Concur..not to mnetion the training, maintenance and storage areas having missiles onboard for a force protection vessel might entail.


----------



## Klinkaroo (23 Jul 2008)

Also who is going to man them as patrol vessels? The CCG will never want to man an armed vessel... they got a darn good union for that and the RCMP don't have the manning or the expertise to man a ship of that size, same thing goes for Customs and other departments.

My Opinion is that we could strip the weapons off and transfer them to the CCG. Those would make good research platforms because it is a very maneuverable ship when it comes to towing equipment and stuff (that is what they were designed for, not patroling) or they could rig a crane for doing buoy maintenance and stuff again with those Z-Drives very maneuverable.


----------



## DONT_PANIC (23 Jul 2008)

Even when the aops come, I doubt that we will see the mcdvs vanish.  I think we will keep a few so that we don't loose (anymore) minewarefare capacity.  I'd guess we would leave two active and one down ship on each coast, with the rest of the crews going to the aops.  We still need the mcdvs for other things like mars iv training, so still plenty of reasons to keep them around.  Plus, getting rid of half the mcdvs leaves plenty of spare parts for the rest of them.


----------



## HalfmyLife (23 Jul 2008)

I believe there is a future for the MCDV's, and I like Ex-Dragoons idea. While the 40mm is plenty of fire power for that class of ship they will need to find a new mount for them (something stabilized). Also I think you will find in the near future that MARS IV training will be done on the ORCA's. rumour has it that DMTE has told Venture to get on with that.  Even though I know the first question you guys asked will be manning!


----------



## Colin Parkinson (22 Aug 2008)

Adding a crane to handle a 9 tonne buoy, chain and anchor might not be that easy. Research vessel quite possibly, but I don't know if Navy accommodation would suffice for scientists!

If the Tories get a majority 2 times in a row I can see elements of the CCG being forced to be armed, even though it may just be .50cals on the ships. They have armed the border guards and now are working on the Park Wardens. The union will put up a fight but they could create a new organization to supplant some of the roles and add new ones. The harsh reality is that the only job the CCG does that could not be contracted out is SAR, buoy tending and Ice breaking could all be done by contract.

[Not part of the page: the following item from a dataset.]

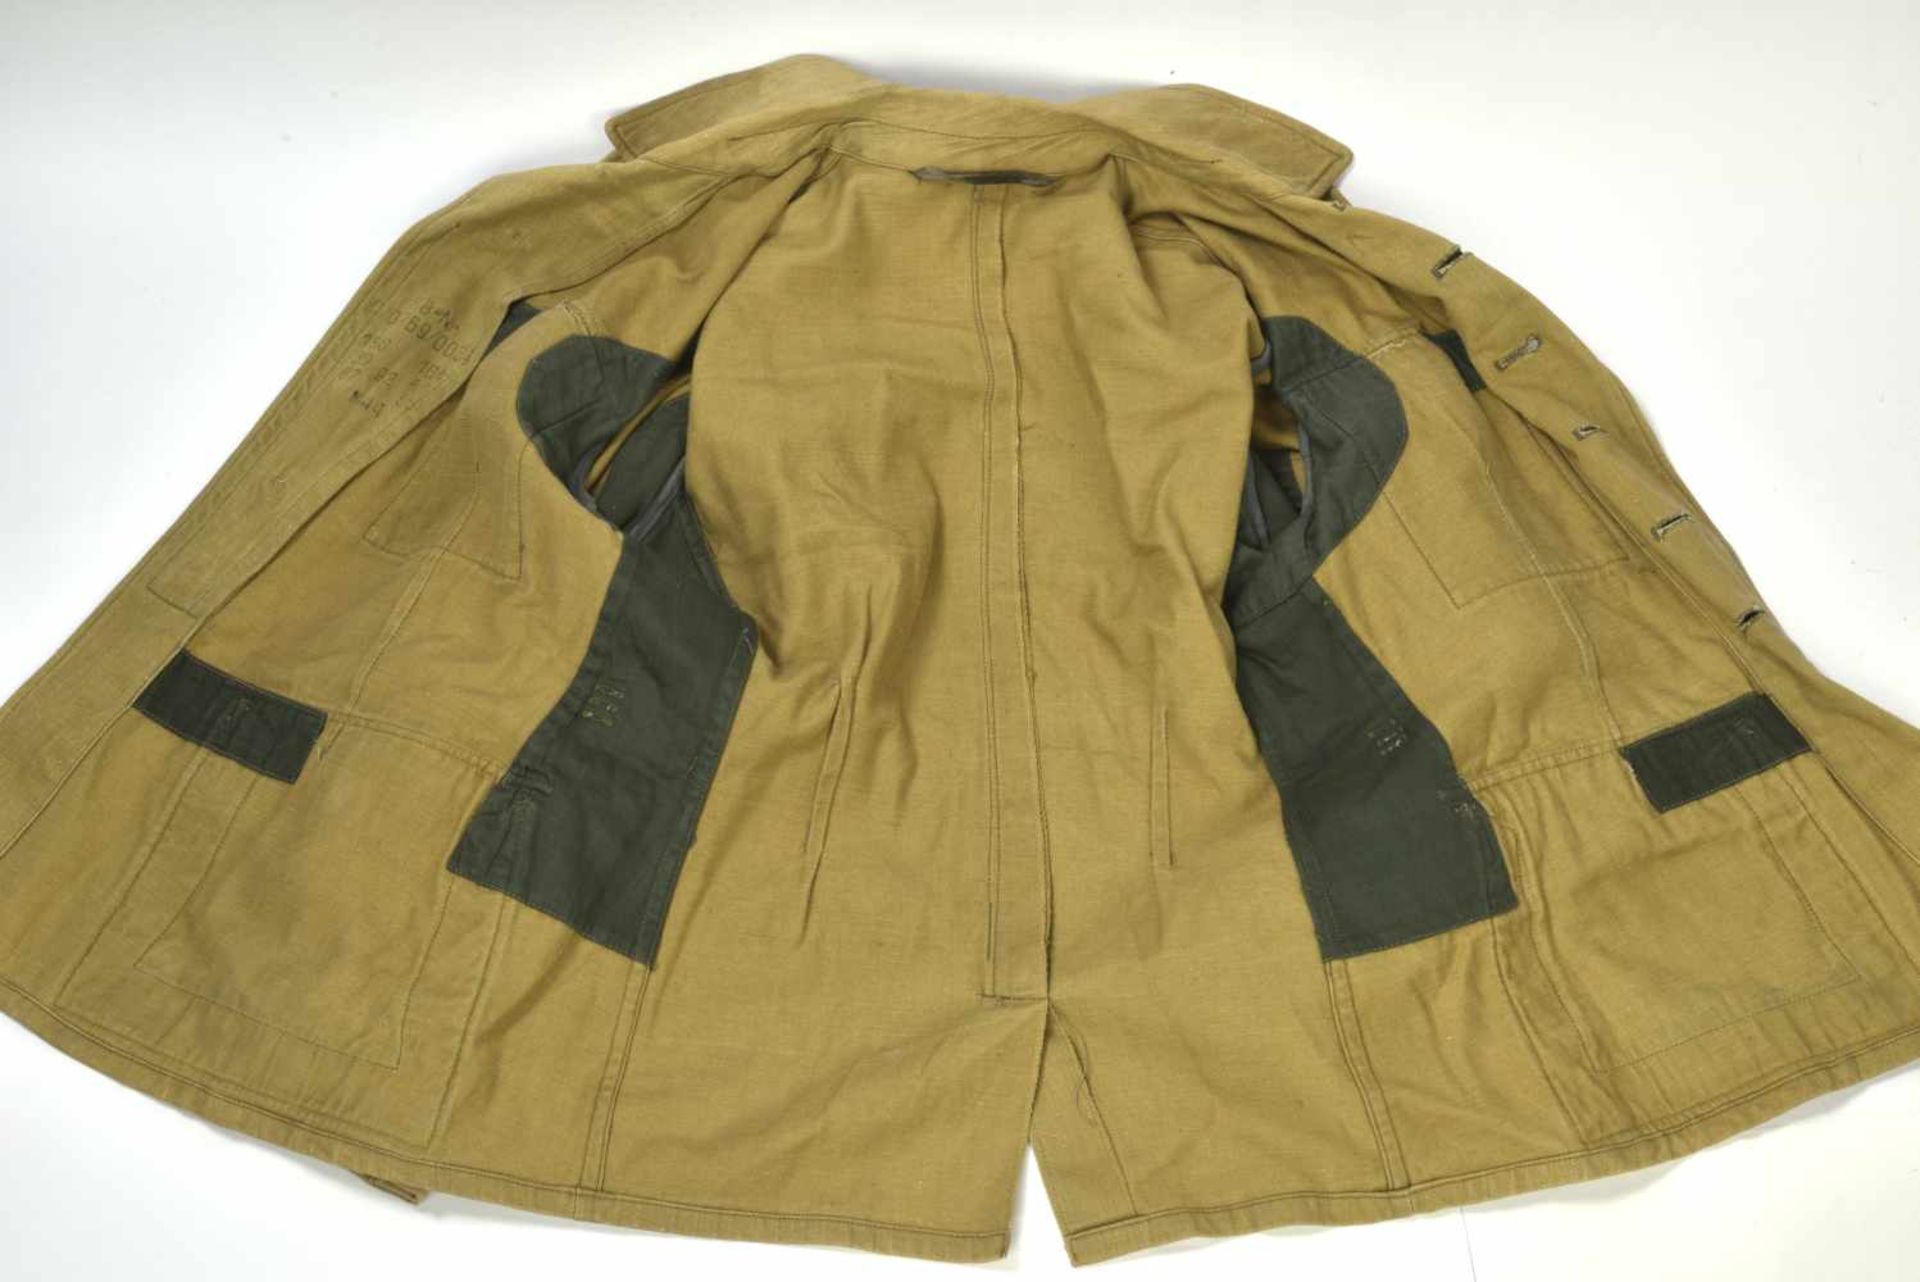 Veste tropical de la Waffen SSVareuse en tissu coton sable, tous les boutons sont présents. - Bild 2 aus 4

You could see a CCG one day that does only SAR & enforcement.


----------



## Ex-Dragoon (22 Aug 2008)

> Adding a crane to handle a 9 tonne buoy, chain and anchor might not be that easy. Research vessel quite possibly, but I don't know if Navy accommodation would suffice for scientists!



Ever see what their accomodations are like on the _Quest_?


----------



## Stoker (1 Sep 2008)

Klinkaroo said:
			
		

> Also who is going to man them as patrol vessels? The CCG will never want to man an armed vessel... they got a darn good union for that and the RCMP don't have the manning or the expertise to man a ship of that size, same thing goes for Customs and other departments.
> 
> My Opinion is that we could strip the weapons off and transfer them to the CCG. Those would make good research platforms because it is a very maneuverable ship when it comes to towing equipment and stuff (that is what they were designed for, not patroling) or they could rig a crane for doing buoy maintenance and stuff again with those Z-Drives very maneuverable.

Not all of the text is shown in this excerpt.